::: Supplied records :::

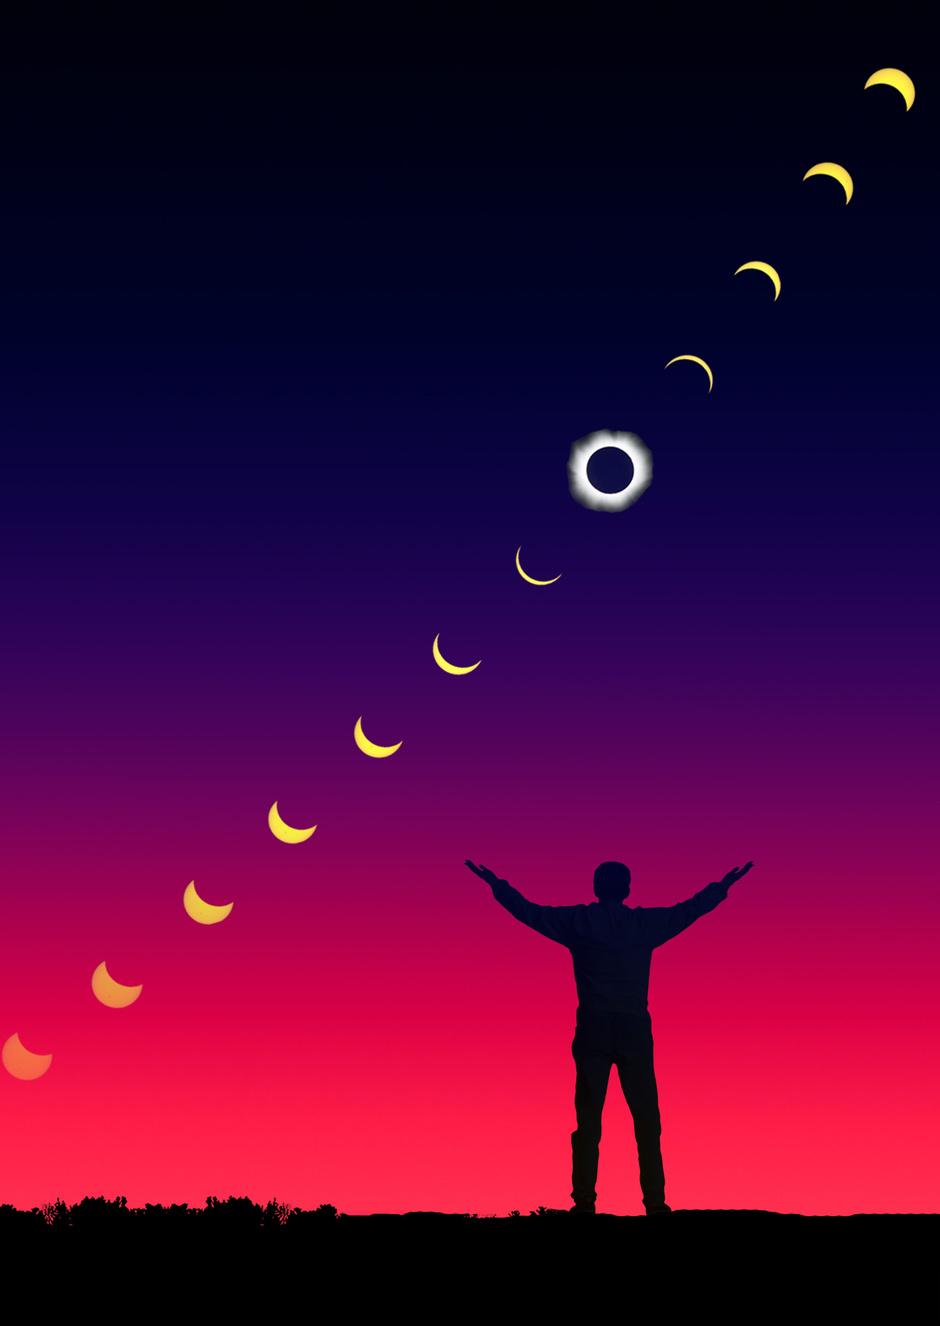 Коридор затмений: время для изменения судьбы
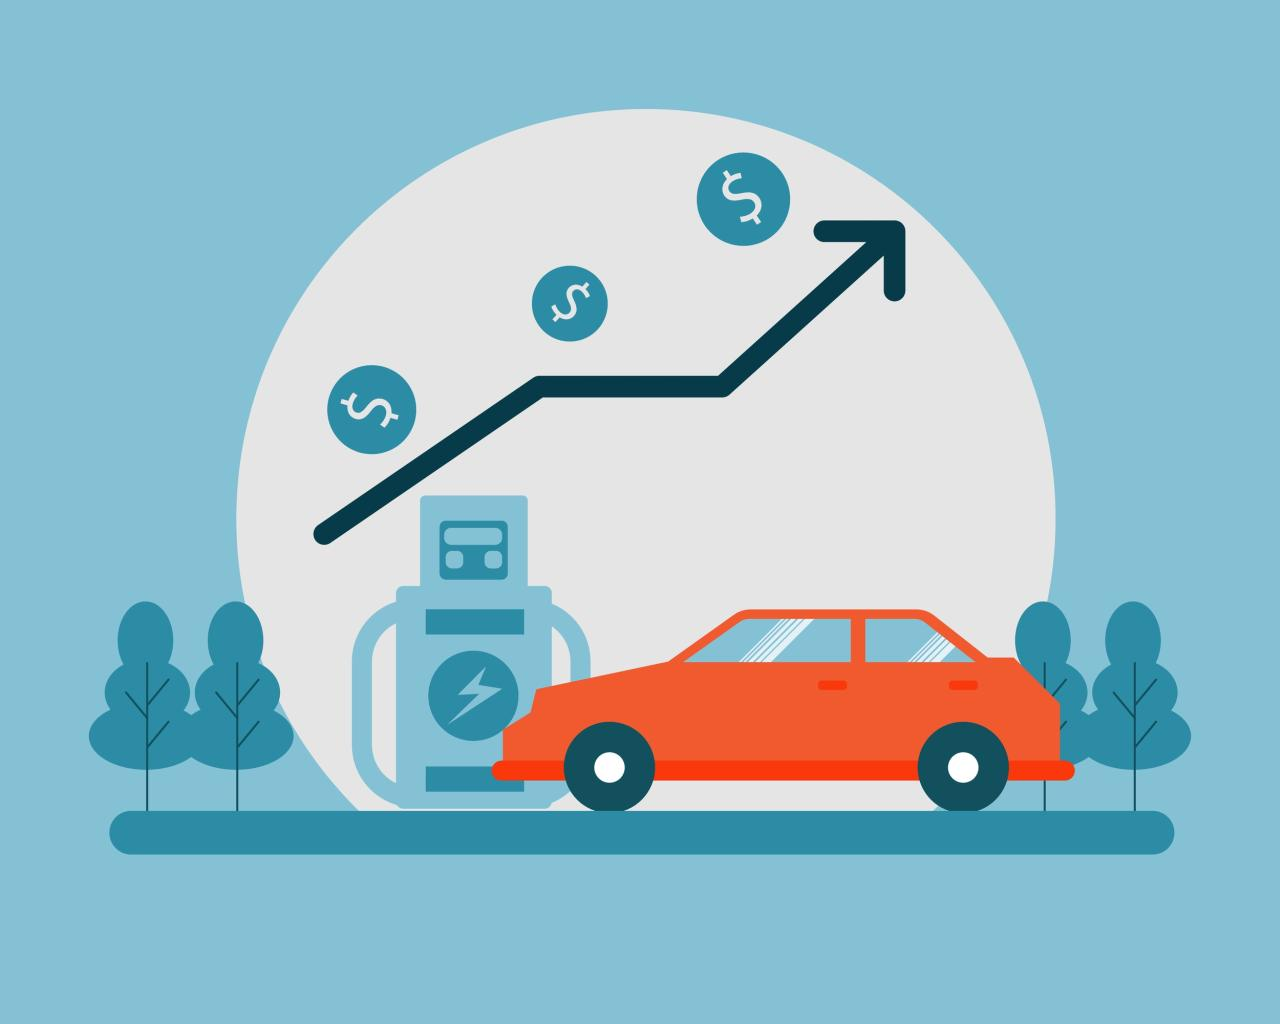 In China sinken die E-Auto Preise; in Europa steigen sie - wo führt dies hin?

:::
::: Supplied records :::

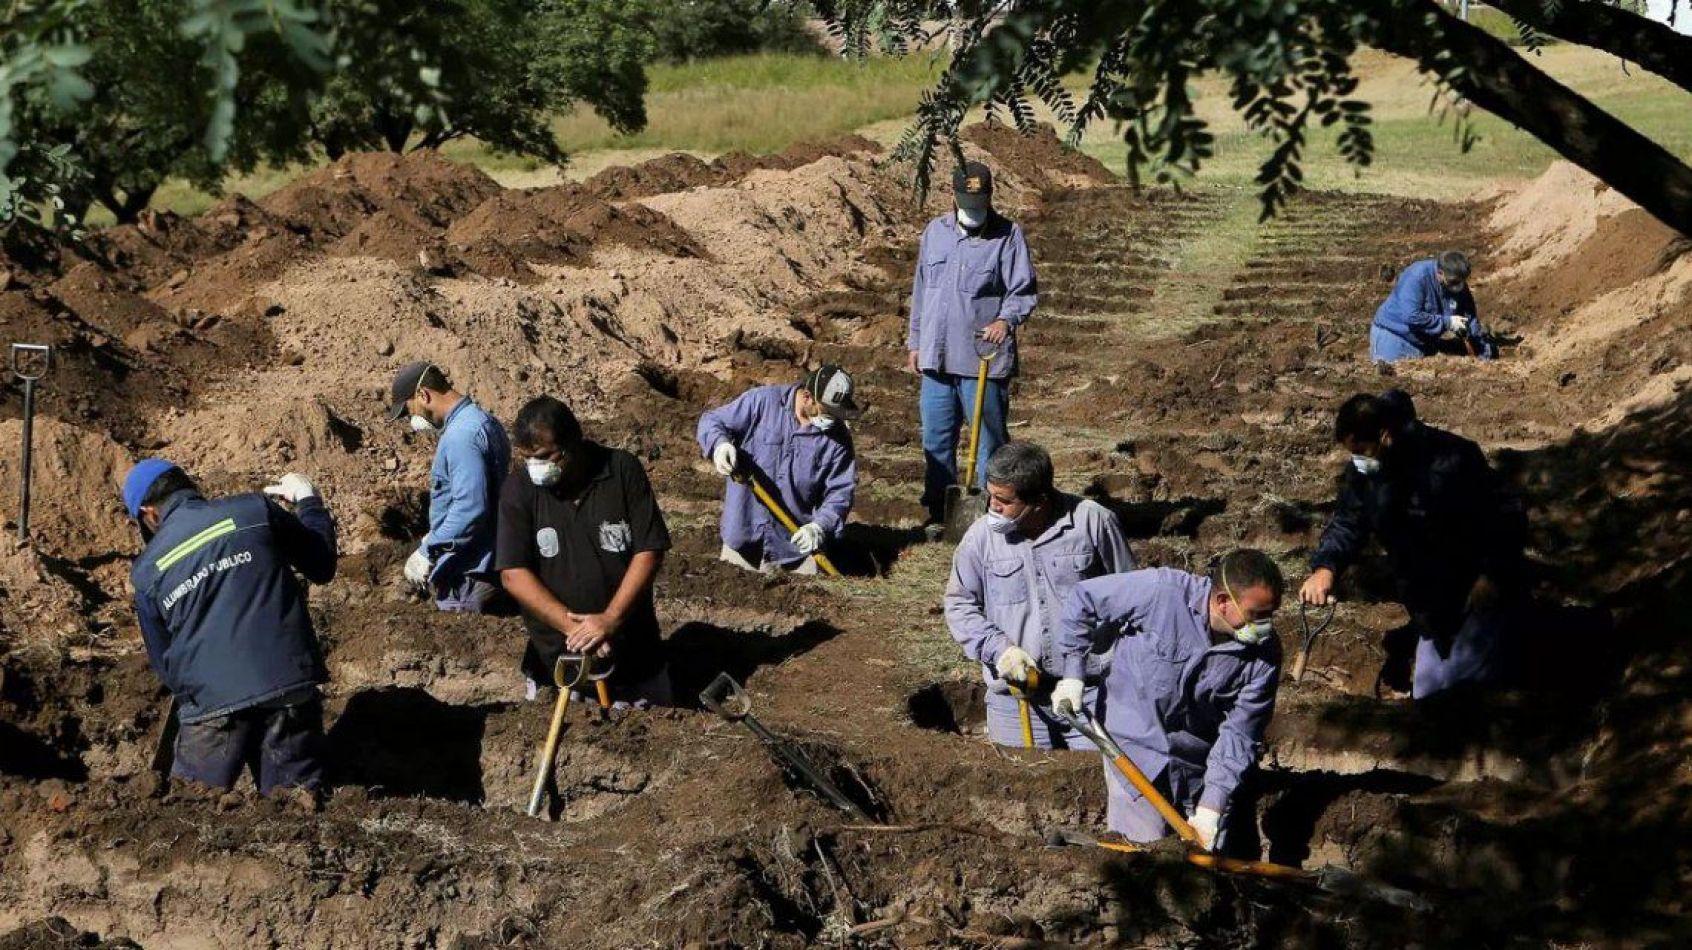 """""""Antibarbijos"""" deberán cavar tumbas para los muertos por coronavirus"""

:::

Your instructions: Copy the lines above exactly, starting at the one with "Коридор затмений: время для изменения судьбы" and ending at the one with "In China sinken", both included. Leave out any pictures and add nothing else.

Answer section:
 Коридор затмений: время для изменения судьбы
 In China sinken die E-Auto Preise; in Europa steigen sie - wo führt dies hin?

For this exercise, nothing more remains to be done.